Tujuh Hari Untuk Sekar

Baggas Prakhaza
Chapter #33

Di Antara Harapan dan Keputusasaan

Malam itu terasa begitu sunyi di rumah sakit, meskipun banyak suara mesin yang berdengung dan orang-orang yang berlalu lalang. Langit duduk di samping ranjang Sekar, menggenggam erat tangan kekasihnya yang kini terbaring lemah. Mata Sekar masih terbuka, memancarkan kilauan cahaya lembut yang menyiratkan kekuatan meski tubuhnya hampir tak lagi bertenaga. Senyumnya, meskipun tipis dan rapuh, tetap terpancar setiap kali melihat Langit. Seolah-olah senyuman itu adalah satu-satunya cara Sekar untuk memberikan kekuatan pada semua orang di sekitarnya, terutama Langit.

"Langit..." bisik Sekar dengan suara yang hampir tidak terdengar. Langit menatap Sekar, berusaha menahan air mata yang sudah menggenang di pelupuk matanya.

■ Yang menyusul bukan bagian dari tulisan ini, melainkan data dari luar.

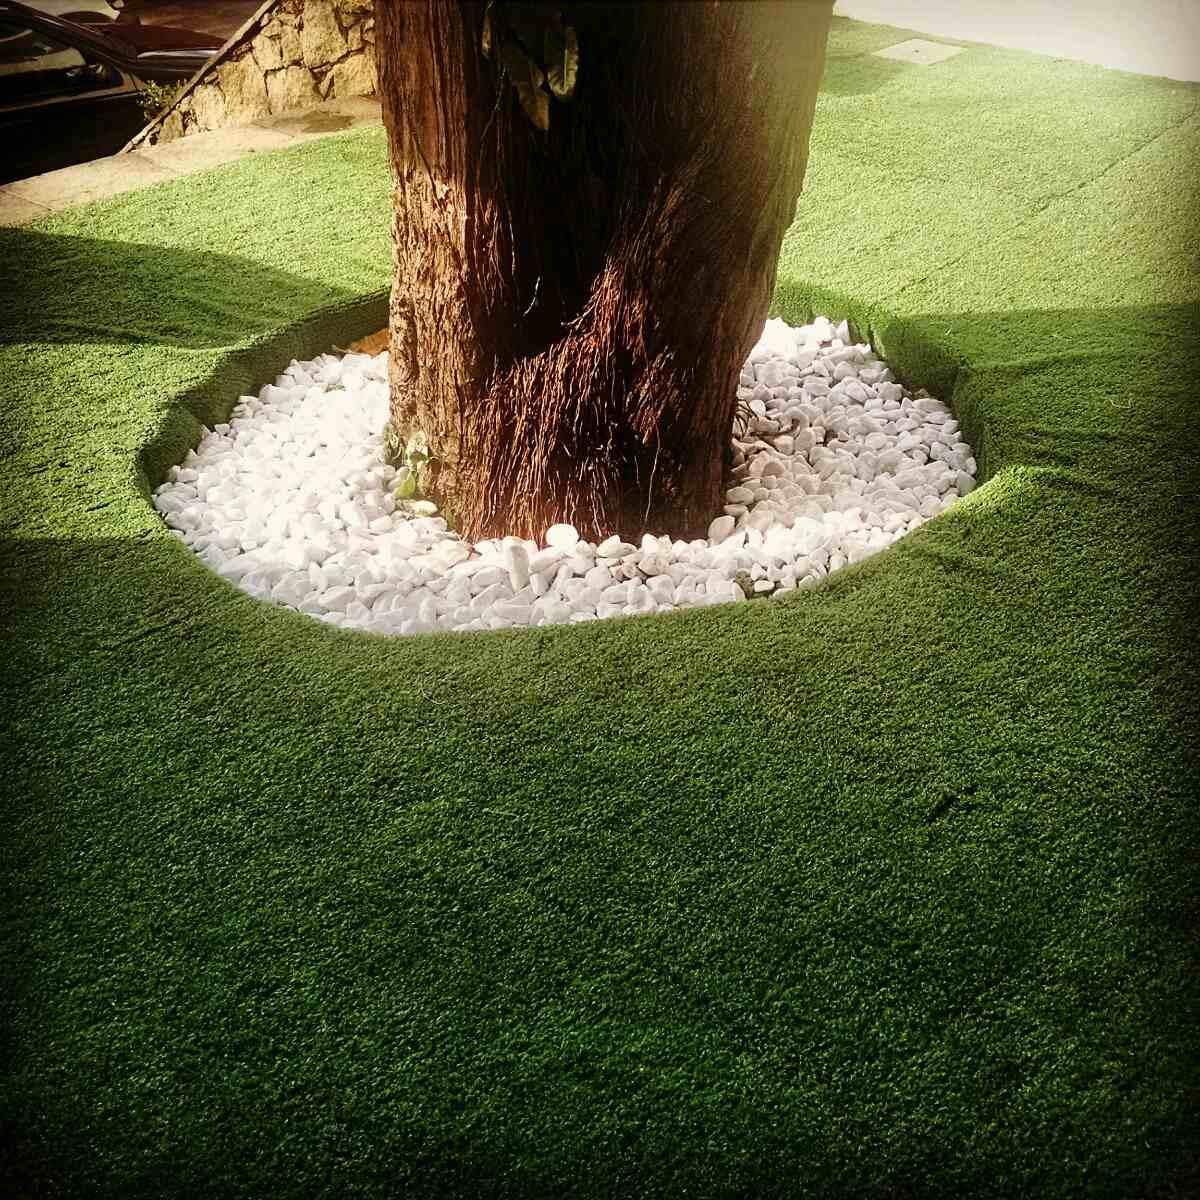 grama sintetica para jardim mercadolivre:Grama Sintética Decorativa 20mm Jardinagem, Decoração, Stand – R$
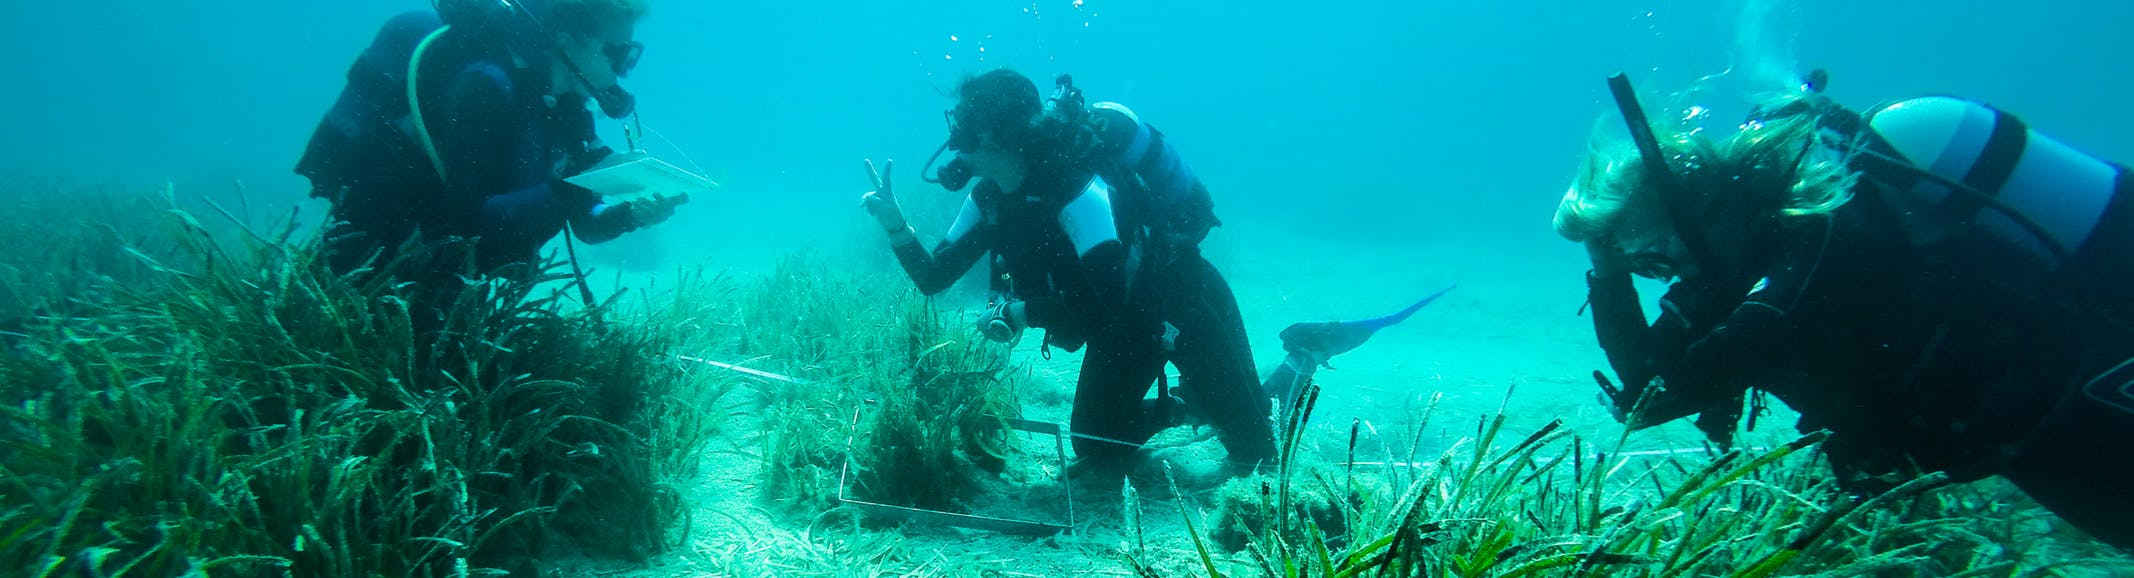 Wildlife Conservation & Environmental Internships Abroad

"Ya, sayang?" jawab Langit dengan lembut, berusaha menenangkan perasaannya sendiri.

Sekar mengerahkan seluruh tenaganya untuk tersenyum. "Terima kasih... sudah selalu ada di sini."

Langit menggenggam tangan Sekar lebih erat, seolah-olah ia ingin memeluknya lebih dekat melalui genggaman itu. "Aku akan selalu ada di sini, Sekar. Aku tidak akan pernah pergi."

Namun, di balik kata-kata yang diucapkannya, Langit merasakan ketakutan yang terus menghantui. Ia tahu betapa sedikitnya waktu yang tersisa bagi Sekar. Malam ini mungkin adalah malam-malam terakhir mereka bersama, dan Langit tidak bisa menerima kenyataan itu. Tidak sekarang. Tidak saat cintanya untuk Sekar belum tuntas diungkapkan.

Di luar ruangan, Langit keluar untuk berbicara dengan dokter. Hatinya berkecamuk. Setiap langkah yang diambilnya terasa berat, seolah-olah dunia di sekitarnya mulai runtuh satu per satu.

"Dokter," panggil Langit dengan nada penuh harap saat ia melihat dokter yang merawat Sekar. "Apa benar-benar tidak ada cara untuk menyelamatkannya?"

Dokter itu menatap Langit dengan pandangan penuh empati. Ia sudah terlalu sering menghadapi situasi seperti ini, namun tak pernah menjadi lebih mudah. "Kami telah melakukan yang terbaik, Langit. Sekar telah menjalani perawatan intensif, tetapi penyakitnya sudah terlalu parah."

Langit menggelengkan kepalanya dengan keras. "Pasti ada cara, Dok! Anda seorang dokter, Anda pasti bisa menyelamatkannya! Aku mohon!" Suara Langit mulai bergetar, penuh dengan desperasi.

Dokter itu menundukkan kepalanya, lalu menggeleng pelan. "Kami bisa membuatnya nyaman, tapi untuk menyembuhkan... sudah terlambat."